There were 148 households, out of which 23.0% had children under the age of 18 living with them, 54.1% were married couples living together, 13.5% had a female householder with no husband present, and 29.1% were non-families. 26.4% of all households were made up of individuals, and 18.9% had someone living alone who was 65 years of age or older. The average household size was 2.39 and the average family size was 2.90.

The town population contained 18.1% under the age of 18, 10.4% from 18 to 24, 27.0% from 25 to 44, 24.8% from 45 to 64, and 19.8% who were 65 years of age or older. The median age was 41 years. For every 100 females, there were 108.2 males.
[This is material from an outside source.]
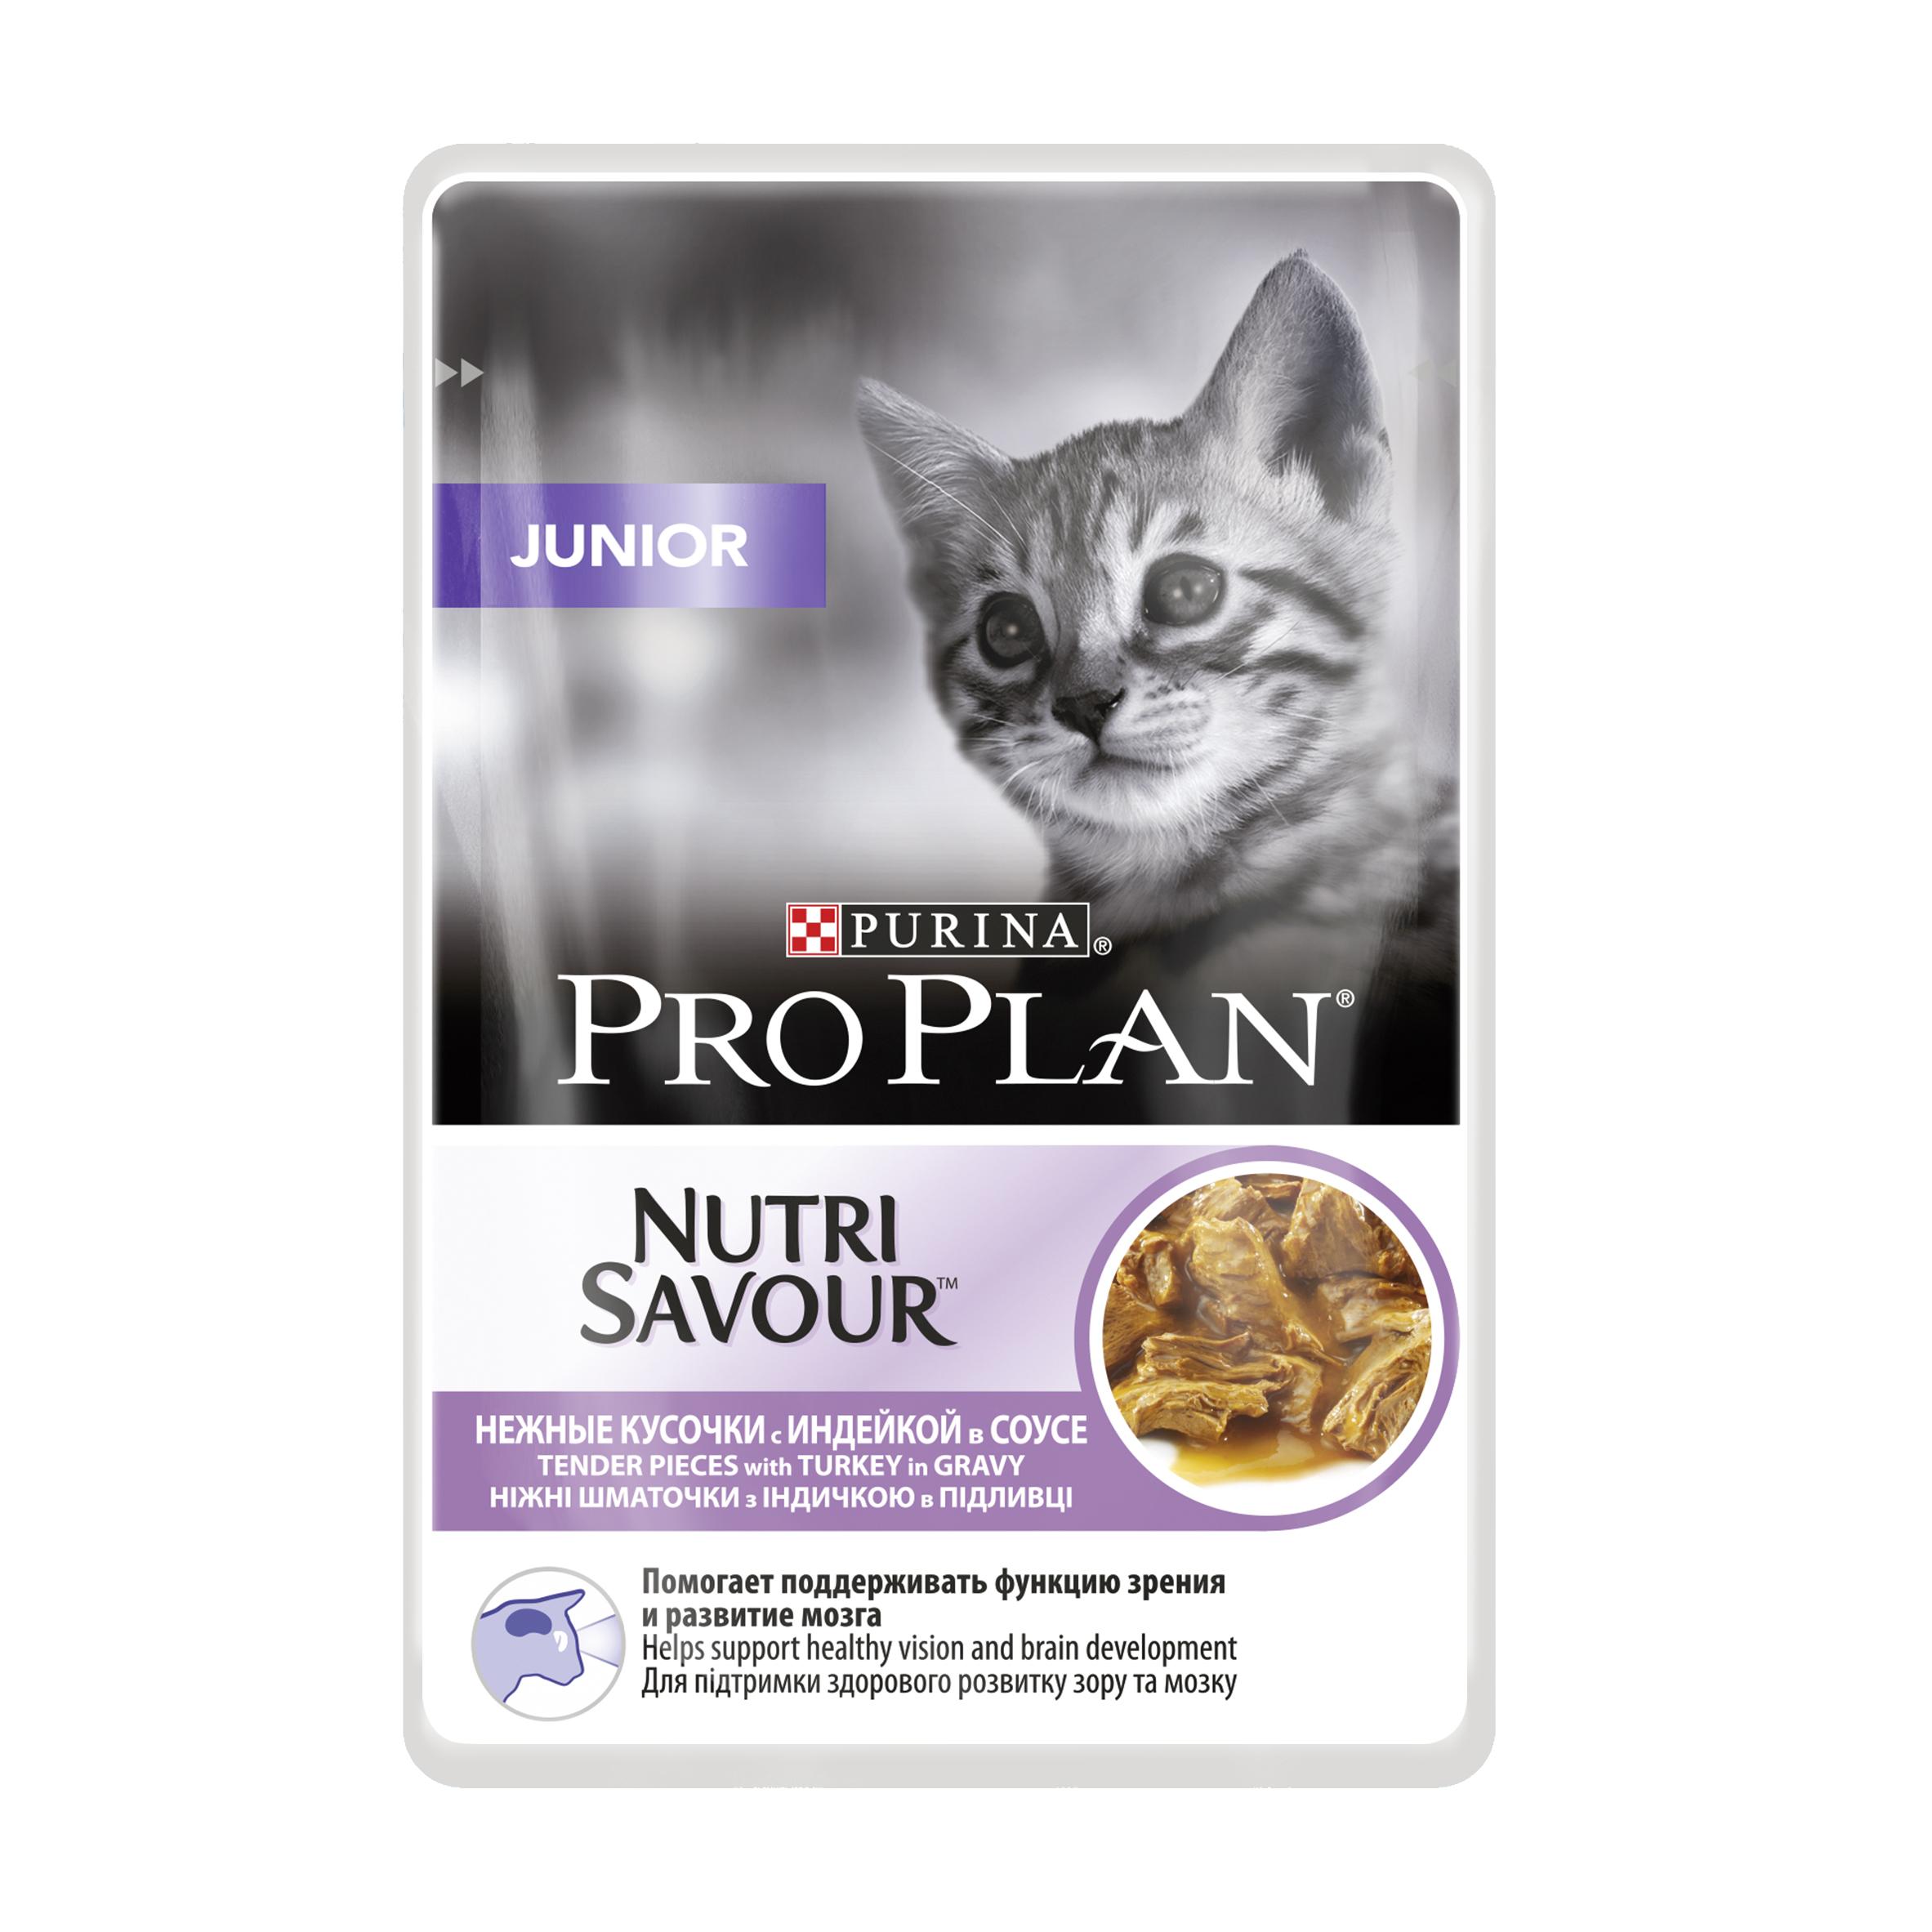 Консервы для котят Pro Plan Junior, с индейкой, 85 г7613034587817Консервы Pro Plan Junior помогает поддерживать хорошее зрение и способствует развитию мозга. Специально разработанные нежные кусочки в соусе для котят легко жевать. Рецептуракорма обеспечивает сбалансированное питание благодаря содержанию всех необходимых питательных веществ для здорового развития растущих котят. Высокое содержание белка и оптимальный состав минеральных веществ способствуют здоровому развитию костей и мышечной массы котенка.Состав: мясо и мясные субпродукты (в том числе индейка 4%), экстракты растительных белков, рыба и рыбные субпродукты, субпродукты растительного происхождения, минеральные вещества, растительные и животные жиры, красители, различные сахара, витамины. Добавленные вещества (МЕ/кг): витамин A 1329, витамин D3 185, витамин E 295, таурин573, железо 12,68, йод 0,48, медь 1,21, марганец 2,22, цинк 34,35, селен 0,028. Гарантируемые показатели: влажность 78,0%, белок 12,5%, жир 4,0%, сырая зола 2,4%,сырая клетчатка 0,3%, ДГК 0,01%. Товар сертифицирован.

For every 100 females age 18 and over, there were 106.9 males.

The median income for a household in the town was $33,000, and the median income for a family was $42,500. Males had a median income of $26,500 versus $20,313 for females. The per capita income for the town was $26,657. About 7.8% of families and 13.8% of the population were below the poverty line, including 29.1% of those under age 18 and 3.6% of those age 65 or over.

==Schools==
The town contains two public schools; Randolph-Henry High School for grades 9–12, and Central Middle School for grades 6–8.